Did we suggest that having several servers was serious? We lied. The place where our servers live, the data center, also has several redundancies in place. Extra network lines, separate power sources, multiple generators, air conditioning and ventilation, everything a server can require.
Yet, some have joked that a common backhoe is the natural enemy of the Internet. There is more truth to that statement than its apparent lack of gravitas might suggest. Data centers are geographically insecure. Inclement weather, natural disasters, disrupted backbones, power outages, and of course, accidentally damaged trunk lines (from an errant backhoe?), and simple human error can all remove a data center from the grid. When a data center vanishes from the Internet, our servers become collateral damage.
However, we've done everything right! We have duplicates of everything, multiple parts, cables, even whole servers.
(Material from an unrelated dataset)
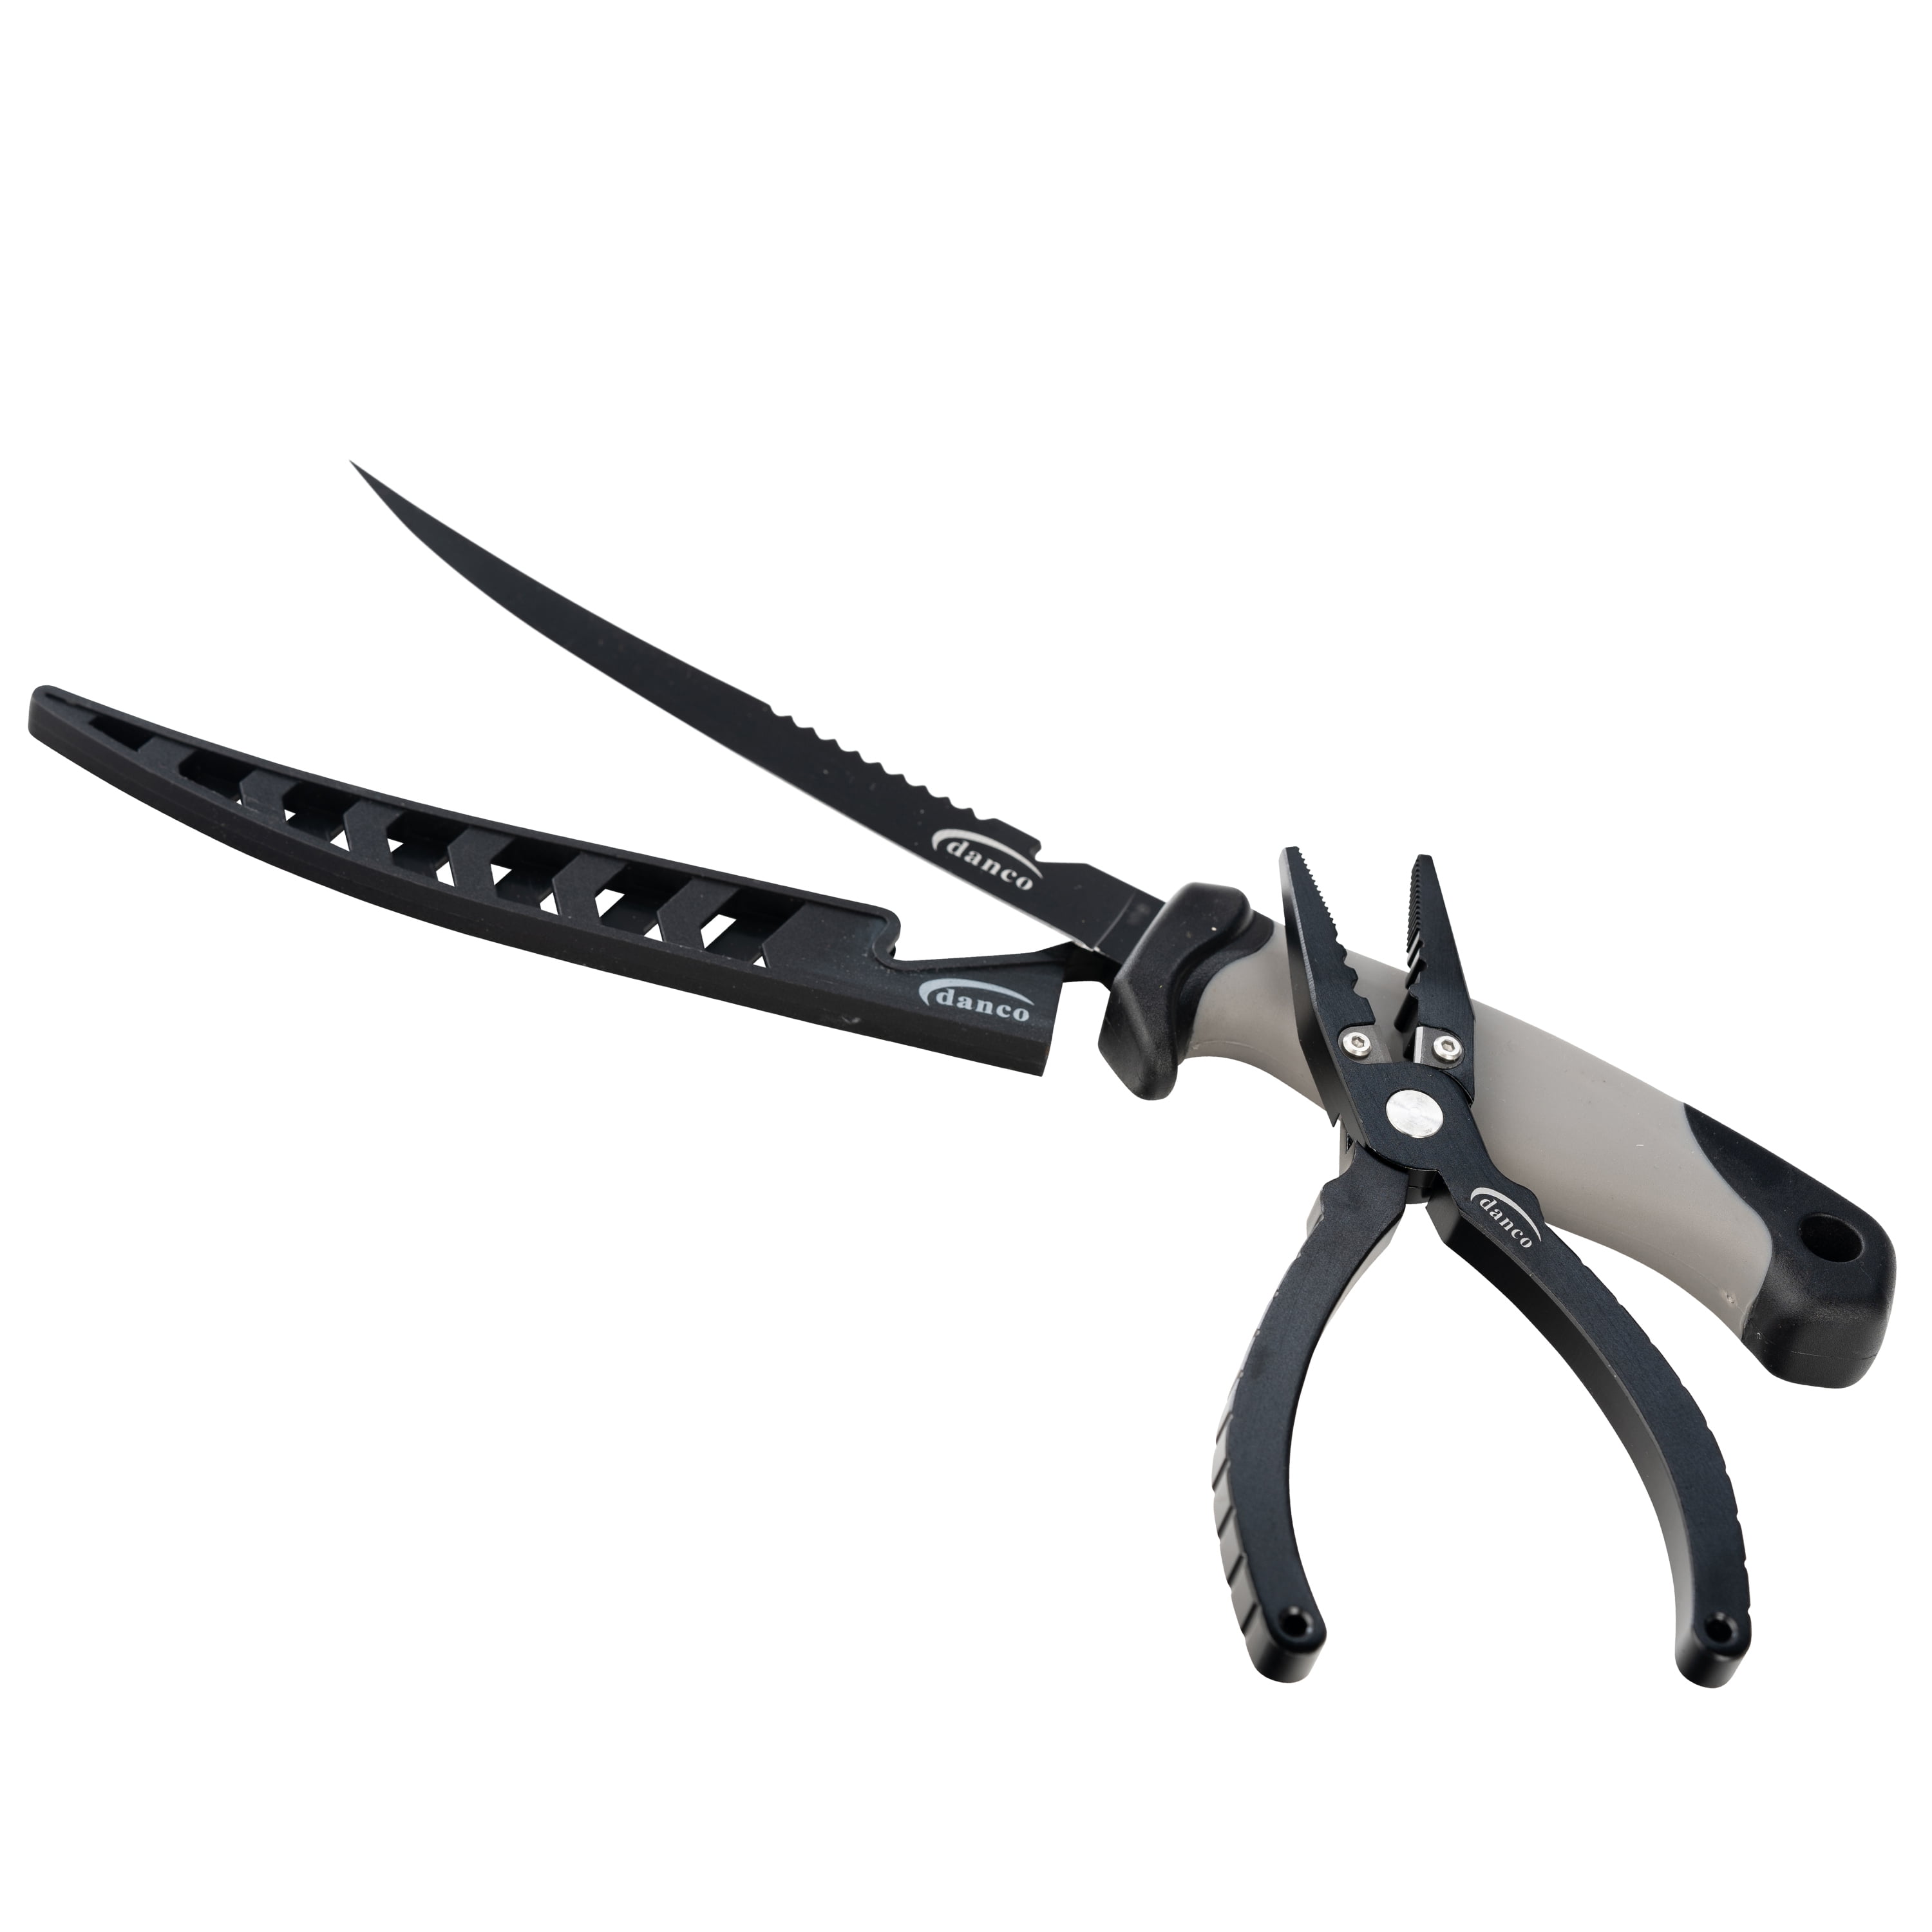 Danco Sports 6.5 Aluminum Plier & 7 PTFE Coated Fillet Knife with Sheath Combo Pack - Each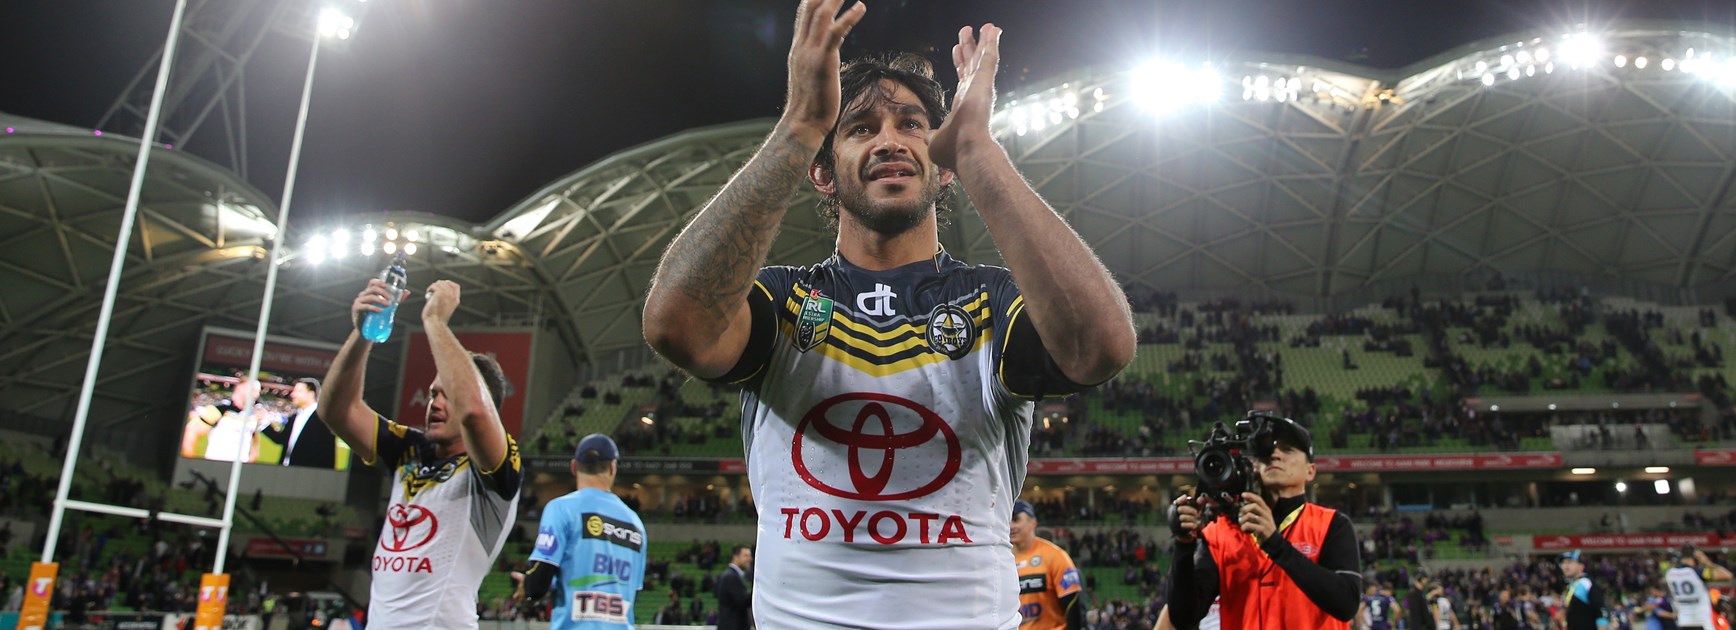 Thurston voted rugby league's greatest Indigenous player

What can we possibly do about the data center?
Well, it's complicated...
For this section, we will need a list of every database server in our proposed architecture, and the desired role for each.
This won't be a very long list. In any case, follow these steps:
- For every critical OLTP operating pair, allocate at least one standby.
- For every two online standby replicas, consider at least one standby.
- For every other database instance, allocate one standby.
This type of scenario is known as Disaster Recovery. In order to truly diffuse a data center outage, we need backups of every major database server, and even minor servers. The reasoning is simple: we don't know how long we have to operate at reduced capacity. At that point, even non-critical reporting services still need analogs, otherwise business decisions that depend on activity analysis may not be possible.
We only really need half the amount of database servers, as most disaster recovery scenarios are severe enough for raised alertness, reduced refresh times, manually extended queue timeouts, and more. Not only is this less expensive than having a copy of every server as the primary data center, but it also encourages closer monitoring until it can be restored. Larger companies can opt for complete parity between data centers, but this is not a requirement.
As DBAs, our scenario often resembles this:
Notice that we didn't make any reservations for QA or development database servers. In the case of a disaster, the primary concern is ensuring the continued availability of the application platform. Further development or testing is likely on hold for the duration of the outage in any case.
We cannot stress the importance of this section strongly enough. Some may consider an entire extra data center as optional due to the cost. It is not. Others may think a total of three servers for every primary system is too much maintenance overhead. Again, it is not. The price of a few servers must be weighed against the future of the company itself; it is the cost of admission into the world of high availability.
By the time we begin utilizing failover nodes, or any replicas in a separate data center, the damage has already been done. In the absence of these resources, a database crash can result in hours or even days of unavailability depending on the size of our database, exponentially compounding the effects of the original problem.
With this in mind, all critical production systems the author designs always have a minimum of four nodes: two mirrored production systems, and two mirrored disaster recovery analogs. This ensures even the disaster recovery system is online with one node while the other node is experiencing maintenance. Outages are unexpected, and we must always be prepared for them.